First, feminists have identified women and children as some of the most severely affected societal members under regimes of economic sanctions, where both disproportionately suffer from malnutrition (p. 17). Simultaneously, however, women (and children) tend to be under-represented in decision-making and negotiation procedures (p. 19). Second, feminists highlight the gendered logic of economic sanctions as a policy choice. They argue that economic sanctions constitute masculine expressions of coercive competitions, where sanctions are conceptualized as an attempt by stronger actors to submit the weaker actor to their will (p. 20). This results in confrontational policies, policies that often hurt those at the margins of international political life the most. Third, feminists might take up the question of responsibility in the international (p. 20-21), and extrapolate this through a consideration of the complex web of hierarchical gender relationships in global politics. Approached through a postcolonial feminist lens, this exceeds questions over a gender binary in the international realm and moves to analyse the intersection of gender and race. This will likely expose competing narratives of ‘proper’ feminisms as well as the discursive appeal to such narratives to justify other foreign policies, including that of economic sanctions.

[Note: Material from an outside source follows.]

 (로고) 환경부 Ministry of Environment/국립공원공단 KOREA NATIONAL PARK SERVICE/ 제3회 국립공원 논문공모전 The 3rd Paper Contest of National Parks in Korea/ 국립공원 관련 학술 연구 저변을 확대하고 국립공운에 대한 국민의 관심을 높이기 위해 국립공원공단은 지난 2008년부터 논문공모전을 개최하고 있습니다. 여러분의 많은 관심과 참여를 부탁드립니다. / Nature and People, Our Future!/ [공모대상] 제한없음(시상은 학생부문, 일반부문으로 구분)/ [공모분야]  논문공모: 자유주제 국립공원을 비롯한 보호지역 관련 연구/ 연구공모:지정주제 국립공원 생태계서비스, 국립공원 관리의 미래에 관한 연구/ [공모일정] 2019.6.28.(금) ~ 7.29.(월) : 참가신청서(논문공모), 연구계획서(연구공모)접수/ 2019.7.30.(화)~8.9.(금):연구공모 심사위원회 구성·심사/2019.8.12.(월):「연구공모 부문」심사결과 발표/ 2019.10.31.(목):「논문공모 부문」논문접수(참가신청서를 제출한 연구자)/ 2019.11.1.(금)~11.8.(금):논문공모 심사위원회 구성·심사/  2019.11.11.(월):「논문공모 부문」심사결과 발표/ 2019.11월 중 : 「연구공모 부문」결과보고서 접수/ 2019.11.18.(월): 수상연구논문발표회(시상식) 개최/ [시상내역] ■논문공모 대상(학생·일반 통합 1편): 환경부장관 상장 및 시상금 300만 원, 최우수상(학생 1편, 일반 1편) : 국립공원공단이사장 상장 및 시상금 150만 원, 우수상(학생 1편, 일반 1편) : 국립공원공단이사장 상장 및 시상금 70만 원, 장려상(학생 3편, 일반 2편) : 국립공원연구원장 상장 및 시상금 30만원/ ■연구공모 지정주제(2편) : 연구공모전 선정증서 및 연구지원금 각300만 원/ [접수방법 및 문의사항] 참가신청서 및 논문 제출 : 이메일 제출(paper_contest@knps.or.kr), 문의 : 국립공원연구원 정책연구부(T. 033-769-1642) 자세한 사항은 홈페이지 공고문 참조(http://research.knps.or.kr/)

2. Can the analysis in this chapter on sanctions in Iraq be extended to analyse the conflict there that has continued into the twenty-first century?

How might these methods and modes of analysis be used to analyse other events, policies, or situations in global politics?

While one of the most important methodological contributions of feminist analyses of the international rests in its commitment to micro-level analyses, much scholarship within various feminist strands, have emphasised relationality. This pertains not merely to feminist analyses of the constitution of genders and gender binaries, but further to their analyses of IR more globally. In doing so, feminism has repeatedly exposed that decisions ‘here’ have significant impacts for those living ‘elsewhere’ and vice versa; that our assumptions about peoples derive from a particular historical genealogy; and that such assumptions significantly shape our actions in various contemporary settings. As such, feminist theories – much like Marxist and critical theories of IR – harbour a deep commitment to reflexivity, and push us to consider how our actions will impact those elsewhere (both spatially and temporally).